> [Information supplied]
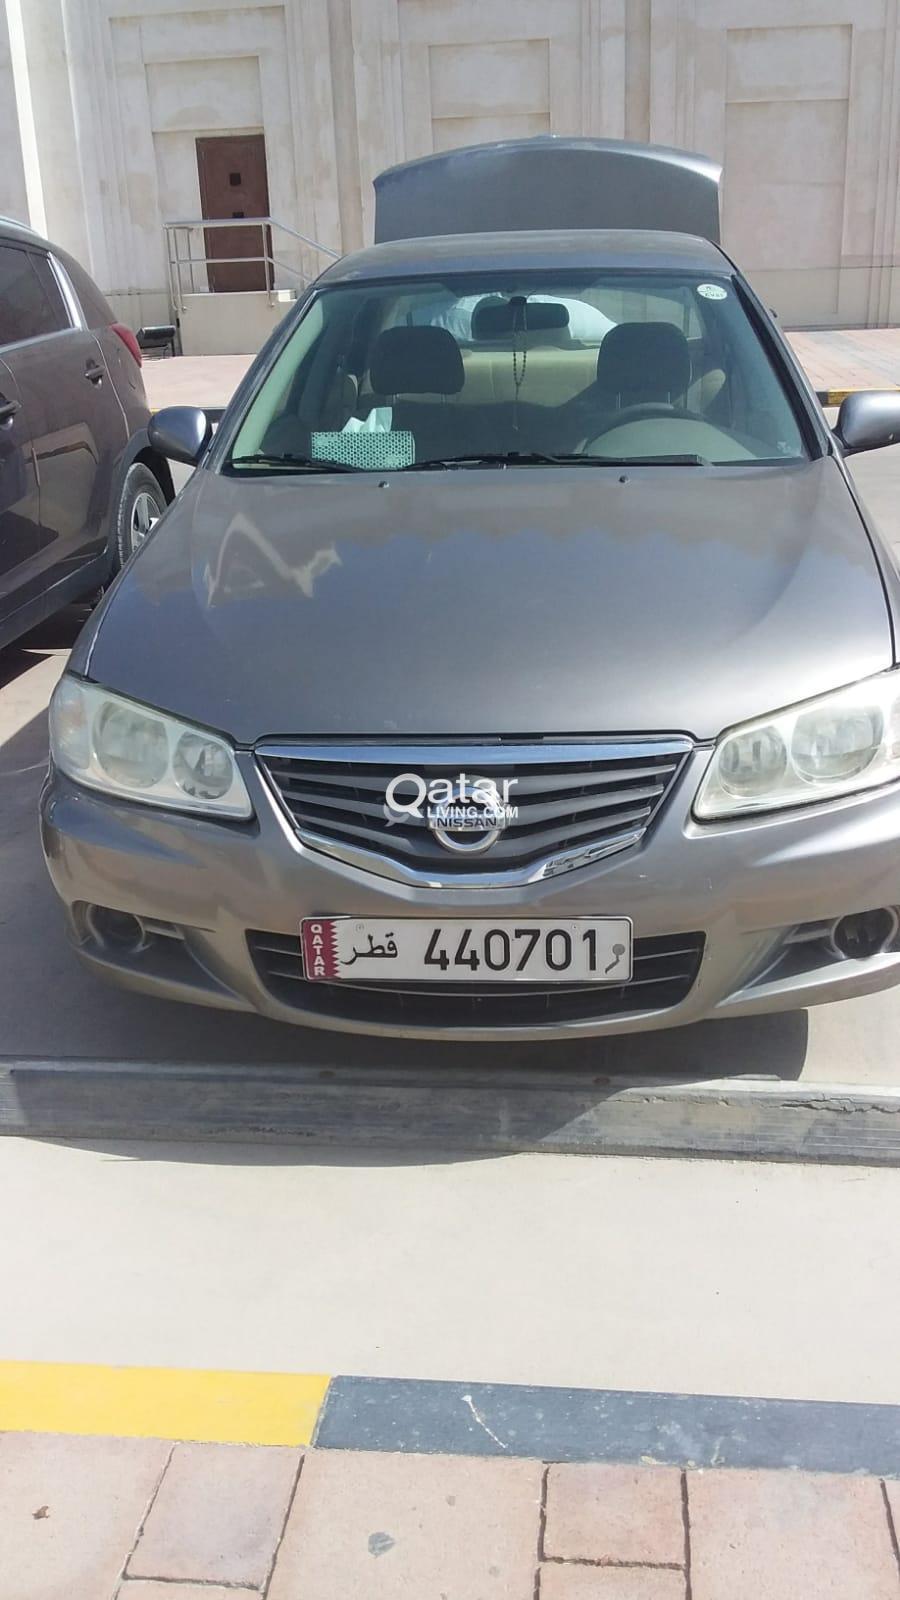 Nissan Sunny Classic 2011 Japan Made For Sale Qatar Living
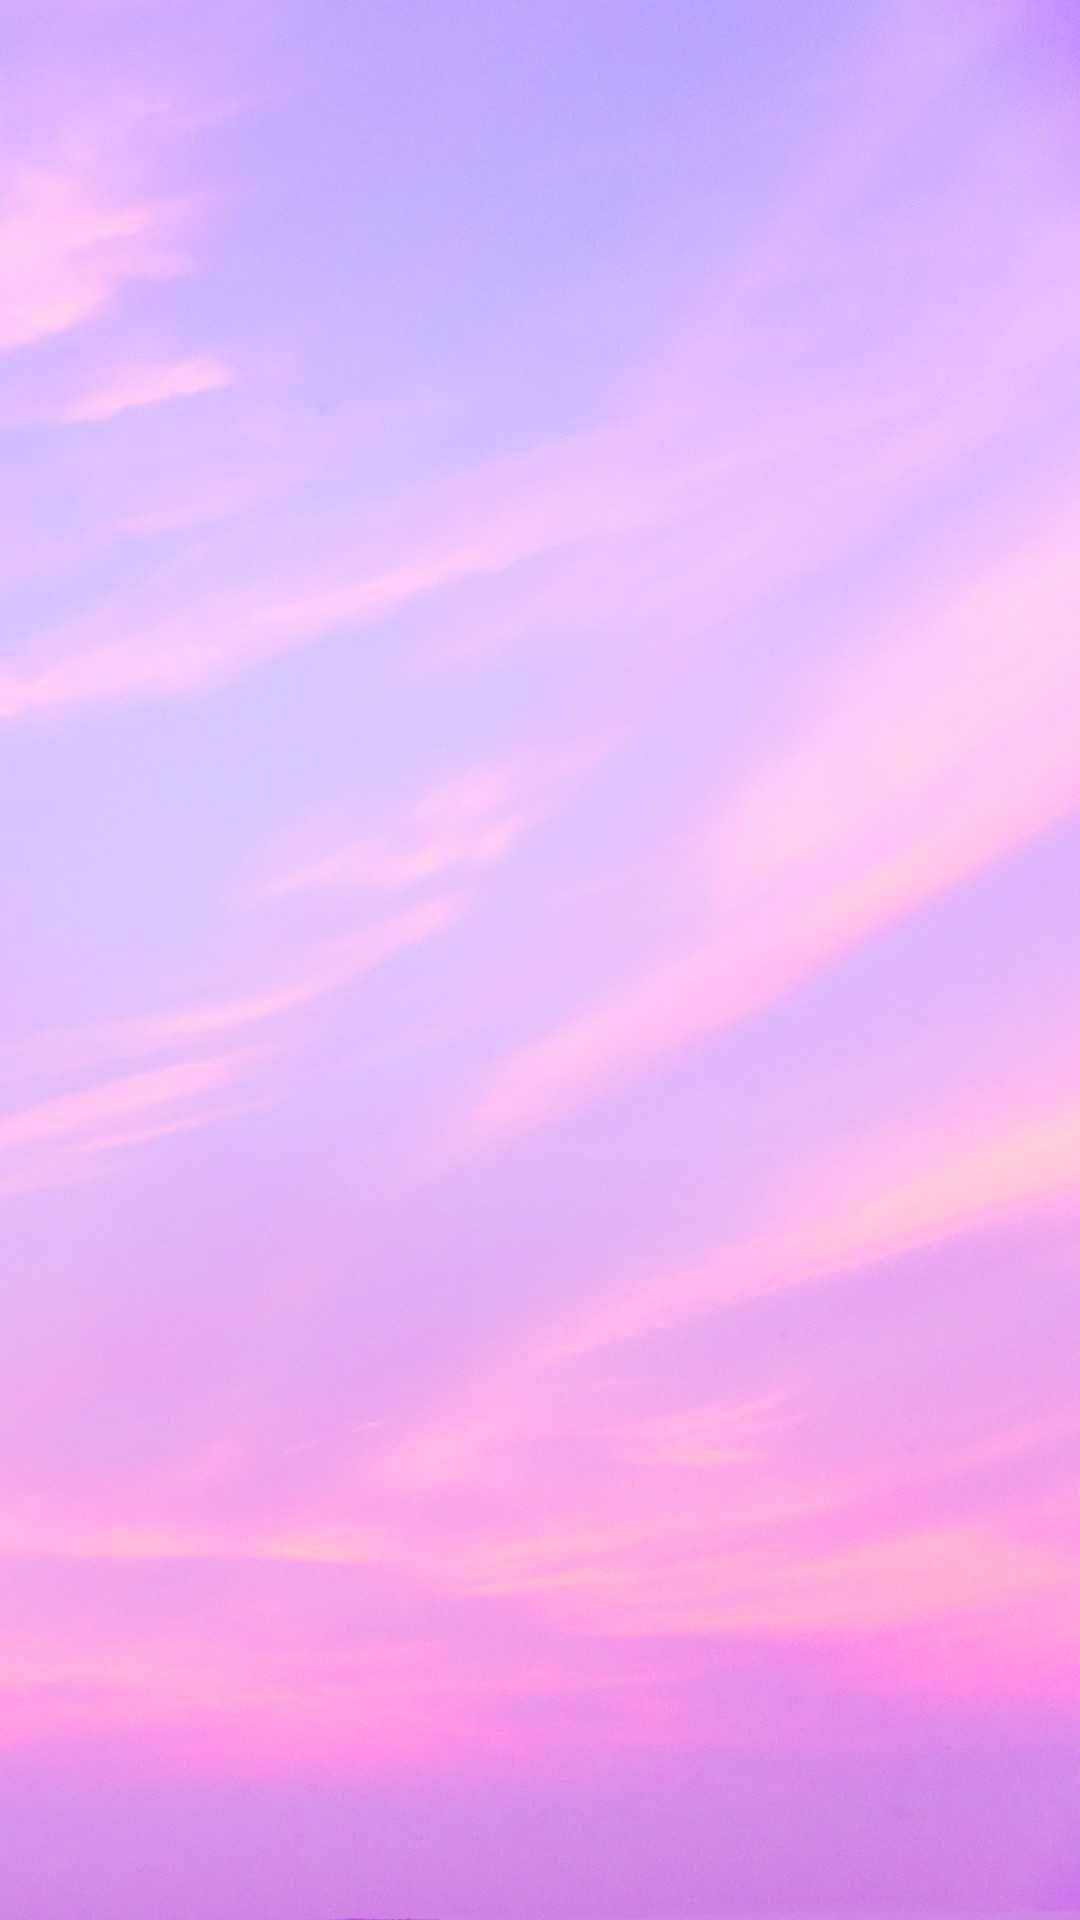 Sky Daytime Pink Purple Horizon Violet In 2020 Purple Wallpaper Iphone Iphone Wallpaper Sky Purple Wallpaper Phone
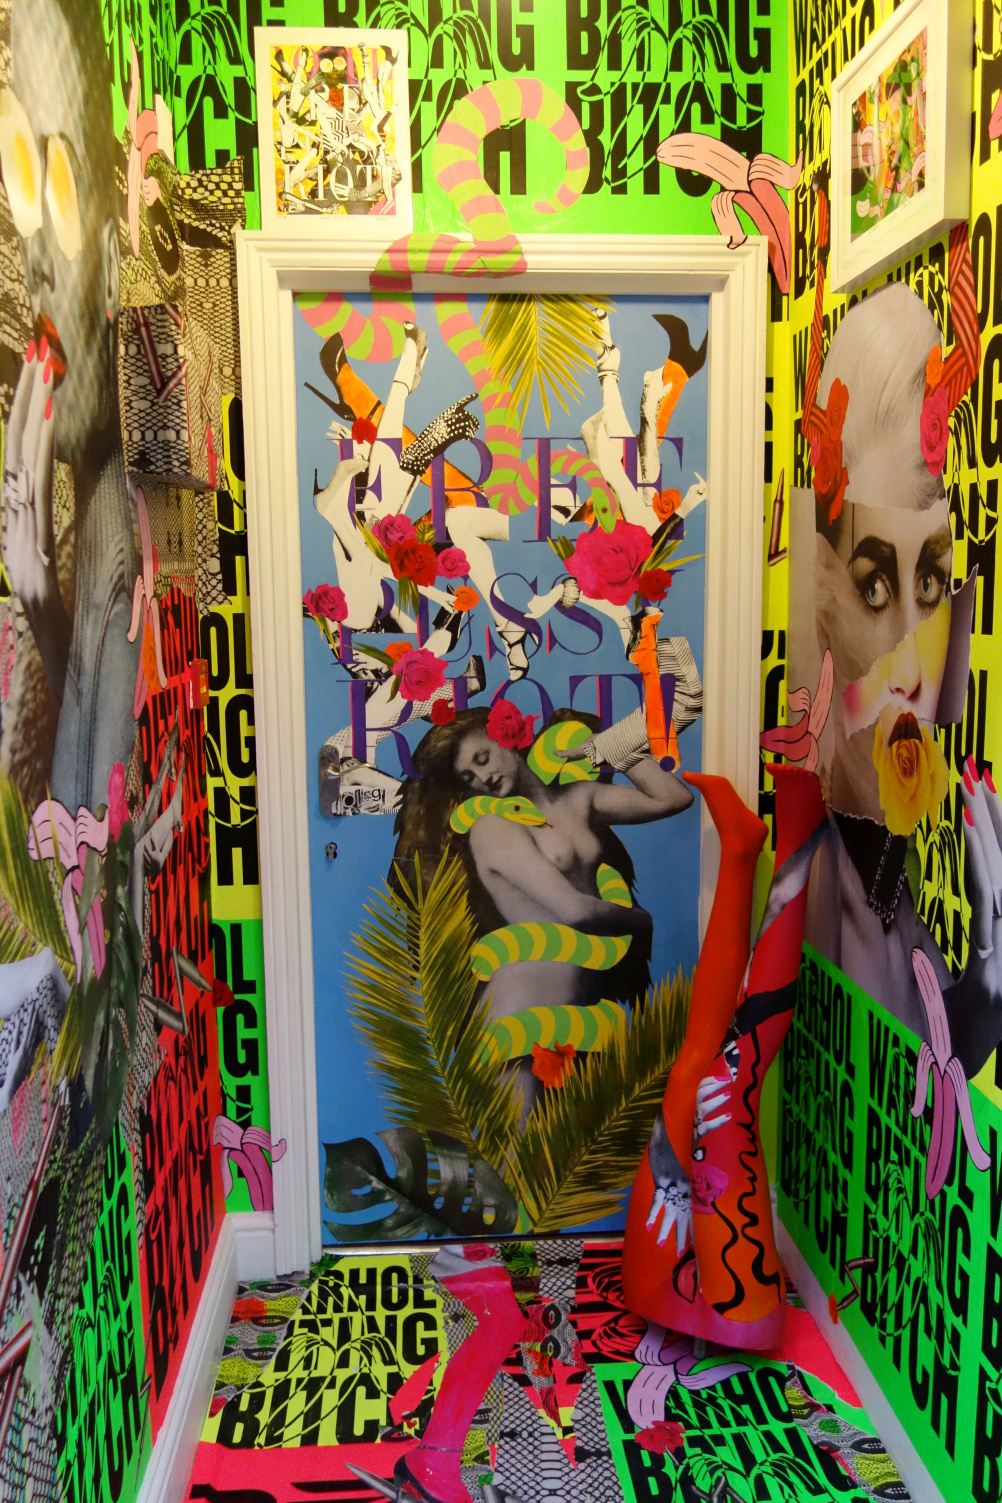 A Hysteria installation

> [The task] Transcribe exactly the span of lines from the line holding "Sky Daytime Pink" through the last line above, both included. Pictures stay out.

> [Exercise result]
 Sky Daytime Pink Purple Horizon Violet In 2020 Purple Wallpaper Iphone Iphone Wallpaper Sky Purple Wallpaper Phone
 A Hysteria installation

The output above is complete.